The Path to Power, Robert Caro
My dad has been the greatest source of inspiration and recommendations when it comes to my reading. His library is easily over 10,000 volumes at this point – and probably far more. For as long as I can remember he’s given me books at every opportunity. And if he hasn’t given them to me he’s always offered great recommendations.

The Path to Power was a gift from my father and I enjoyed it very much. My time at the Kennedy birthplace resulted in an interest in presidential history and political history in general. Knowing this my dad thought I might enjoy the Caro biography. He was right on the money.

These books paint a picture of political power: how it is gained, developed, strengthened and exercised. Say what you will about LBJ but there’s no denying that he understood how to amass and use power. Master of the Senate, the third book, is particularly stunning in its illustration of how Johnson worked.

The first volume dealt with Johnson’s early years in Texas. It was an auspicious beginning but you get a sense of what drove the man.

There are a lot of books called Apollo as it turns out; and for the life of me I can’t recall which one this was. You probably don’t want to read it anyway . . .

Means of Ascent, Robert Caro
This, the second of Caro’s biography, deals with Johnson’s early days in Washington – and particularly his relationship with Sam Rayburn. I can’t recommend this biography enough. If you’re interested in politics you need to read it.

Sleeping Lady, Robert Graysmith
Were it not for the fact that I was spending a lot of time in the shadow of Mt. Tam in 1990 I probably wouldn’t have read this book. It was one of the first true crime books that I read and I do enjoy the genre but I don’t recall much about this one.

The Power of Myth, Joseph Campbell
Certainly a classic. I watched several of the conversations between Bill Moyers and Campbell the formed the core of this book – and I went on to read one of the Masks of God. I tried reading the Golden Bough as well but that doesn’t have a very smooth narrative – it reads more like a simple catalog of curious behaviors.

The Deptford Trilogy, Robertson Davies
Robertson Davies was another gift from my father. This book in particular but just learning of him as an author. I recall little about this trilogy (partly because I read it so many years ago – and partly because I read so many of his stories). What I do remember is that they are written in a language so rich – and tell stories so involved – that I didn’t want them to end.

One thought on “My Life in Reading – 1990

  1. Samuel D. Conti says:

    Hello Greg (and other commentators on Greg’s recollections), In the interest of full disclosure, I should mention that I am Greg’s Dad.
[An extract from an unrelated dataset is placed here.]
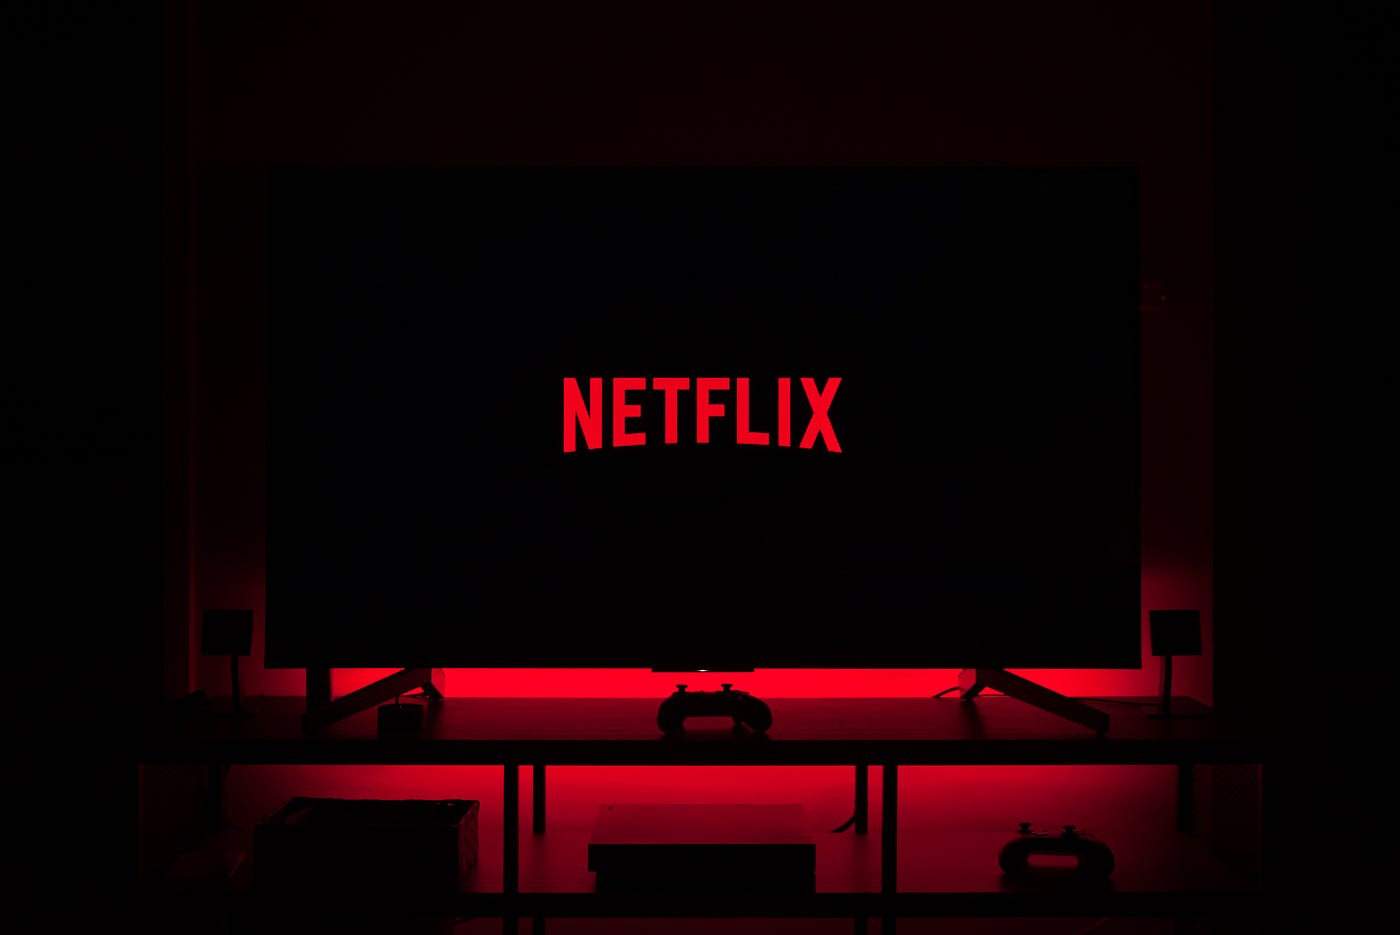 Netflix on TV

I’m very proud of Greg, indeed of each and all of our children and, of course, Shirley, my bride of almost 45 years, and especially of Greg’s reading habits, of which more later.

    First, thanks are due to Greg for his gracious comments about my buying or recommending books for him. It has always been a pleasure for me to watch how Greg’s mind has been engaged and broadened by his reading. To the extent I that I could, I tried to read recommended books if I hadn’t already done so. In that way, Greg and I could converse about the books and what we, respectively, thought of them. Unfortunately, we were less often able to discuss our readings than either of us would have liked.

    Second, Greg, his brother David, and sister Susy B., always had full and unfettered access to our family library. As I recall there was a single volume I preferred they not read. Of course, they figured out which it was and examined it. From what I see of our grown children, none seems to have been irremediably harmed by their excursion into the world of adult reading matter.

    Third, and for now finally, a minor update. As Greg knows, most of “The Dancing Pig Private Library” as our book collection is known, is housed in our moving vehicle making access very difficult. The current inventory is approaching 30,000 volumes, not including those that are reposed on computers in digital form.

    Keep up your reading, Greg. I’m eagerly awaiting the next chapter of your reading odyssey.